Unnamed: 0,operator_id,total_call_duration
0,882476,95.666667
1,882478,151.0
2,884294,11.0
3,886674,37.111111
4,886892,130.0


The data_in_timing variable contains the ids of operators who work in call centers with mostly incoming calls and with an average conversation time of less than 3 hours per day

In [28]:
data_in_timing['operator_id'].nunique()

117

There are 117 inefficient operators according to this criterion

In [29]:
data_out_timing = data_out.groupby(['operator_id', 'date'])['total_call_duration'].sum().reset_index()
data_out_timing = data_out_timing.groupby('operator_id')['total_call_duration'].mean().reset_index()
data_out_timing = data_out_timing.query('total_call_duration < 240').reset_index(drop=True)
data_out_timing.head()

Unnamed: 0,operator_id,total_call_duration
0,880020,180.357143
1,881278,108.6
2,883018,15.0
3,883898,80.0
4,884406,79.0


The data_in_timing variable contains the ids of operators who work in call centers with mostly outgoing calls and with an average conversation time of less than 4 hours per day

In [30]:
data_out_timing['operator_id'].nunique()

241

There are 241 inefficient operators according to this criterion

The parameters studied by us helped to identify a number of inefficient operators. Nevertheless, it is too early to draw final conclusions. It may be worth paying attention to the construction of the operators' work. Also, the data may distort the principles of operation - for example, some operators may respond both to calls and in text format.
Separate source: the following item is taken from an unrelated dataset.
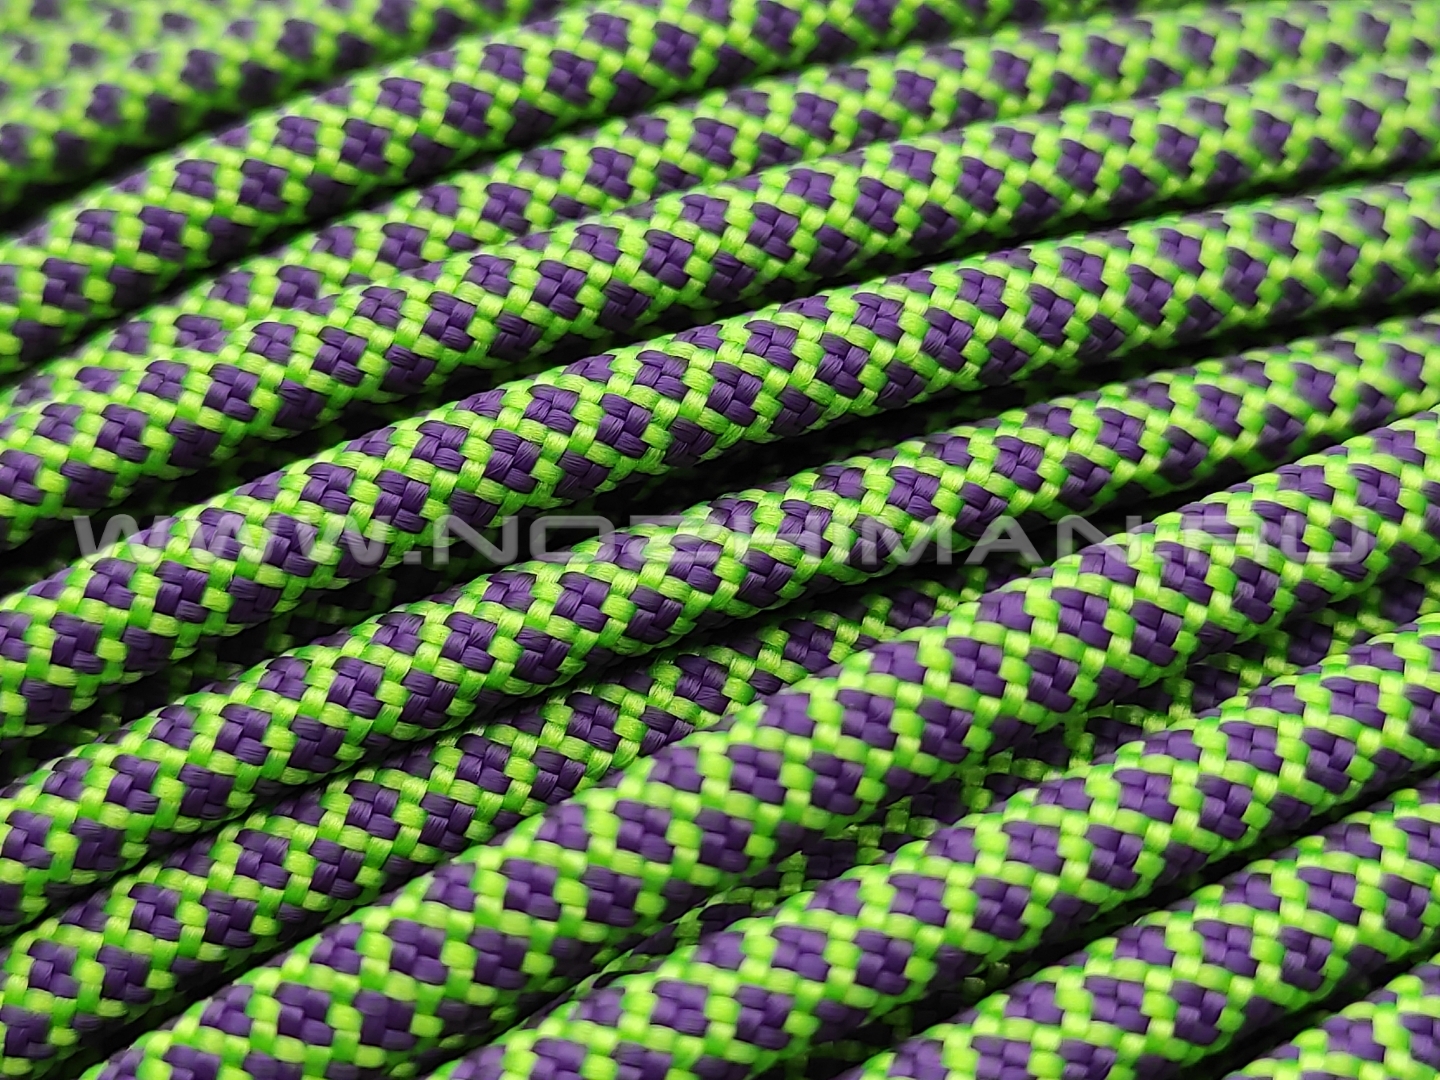 CORD Paracord 550 Zombie Snake

Therefore, the final conclusions should be made after a more complete study of the structure and principles of operation of specific call centers. Our research will help to indicate from which call centers operators should be investigated.

### Hypothesis testing

#### The duration of outgoing and incoming calls varies

Н_0 The duration of outgoing and incoming calls is the same

Н_1 The duration of outgoing and incoming calls varies

In [31]:
data_out_duration = data_out['total_call_duration']
data_in_duration = data_in['total_call_duration']

In [32]:
from scipy import stats as st

In [33]:
results = st.ttest_ind(data_out_duration, data_in_duration, equal_var=False)
alpha = .05
print(results.pvalue)
if results.pvalue < alpha:
    print("Reject the null hypothesis")
else:
    print("Can not reject the null hypothesis")

1.2637312901343038e-123
Reject the null hypothesis


#### The number of missed calls internal and client varies

Н_0 The number of missed calls internal and client is the same

Н_1 The number of missed calls internal and client varies

In [39]:
data_internal = data[data['internal'] == True]['is_missed_call']
data_external = data[data['internal'] == False]['is_missed_call']

In [40]:
results = st.ttest_ind(data_internal, data_external, equal_var=False)
alpha = .05
print(results.pvalue)
if results.pvalue < alpha:
    print("Reject the null hypothesis")
else:
    print("Can not reject the null hypothesis")

2.385670095453404e-69
Reject the null hypothesis


#### The number of inefficient employees in call centers on tariff A and tariff B differs

In [36]:
data_tariff = data.merge(tariff, on='user_id', how='left')
data_filtered = data_tariff.query(
    '(operator_id in @data_in_missed.operator_id) or (operator_id in @data_in_waiting.operator_id) or (operator_id in @data_out_timing.operator_id)')

Н_0 The number of inefficient employees in call centers on tariff A and tariff B is the same

Н_1 The number of inefficient employees in call centers on tariff A and tariff B differs

In [41]:
data_A = data_filtered[data_filtered['tariff_plan'] == "A"]['is_missed_call']
data_B = data_filtered[data_filtered['tariff_plan'] == "B"]['is_missed_call']

In [42]:
results = st.ttest_ind(data_A, data_B, equal_var=False)
alpha = .05
print(results.pvalue)
if results.pvalue < alpha:
    print("Reject the null hypothesis")
else:
    print("Can not reject the null hypothesis")

0.018341792958485748
Reject the null hypothesis


### Conclusions

Based on the results of the study, we were able to form criteria for employee inefficiency and identify directly ineffective employees. In addition, we conducted a number of statistical studies, in which we found out that the duration of outgoing and incoming calls differs, the number of missed internal and client calls differs, and the number of non-effective employees in call centers at tariff A and tariff B is equal.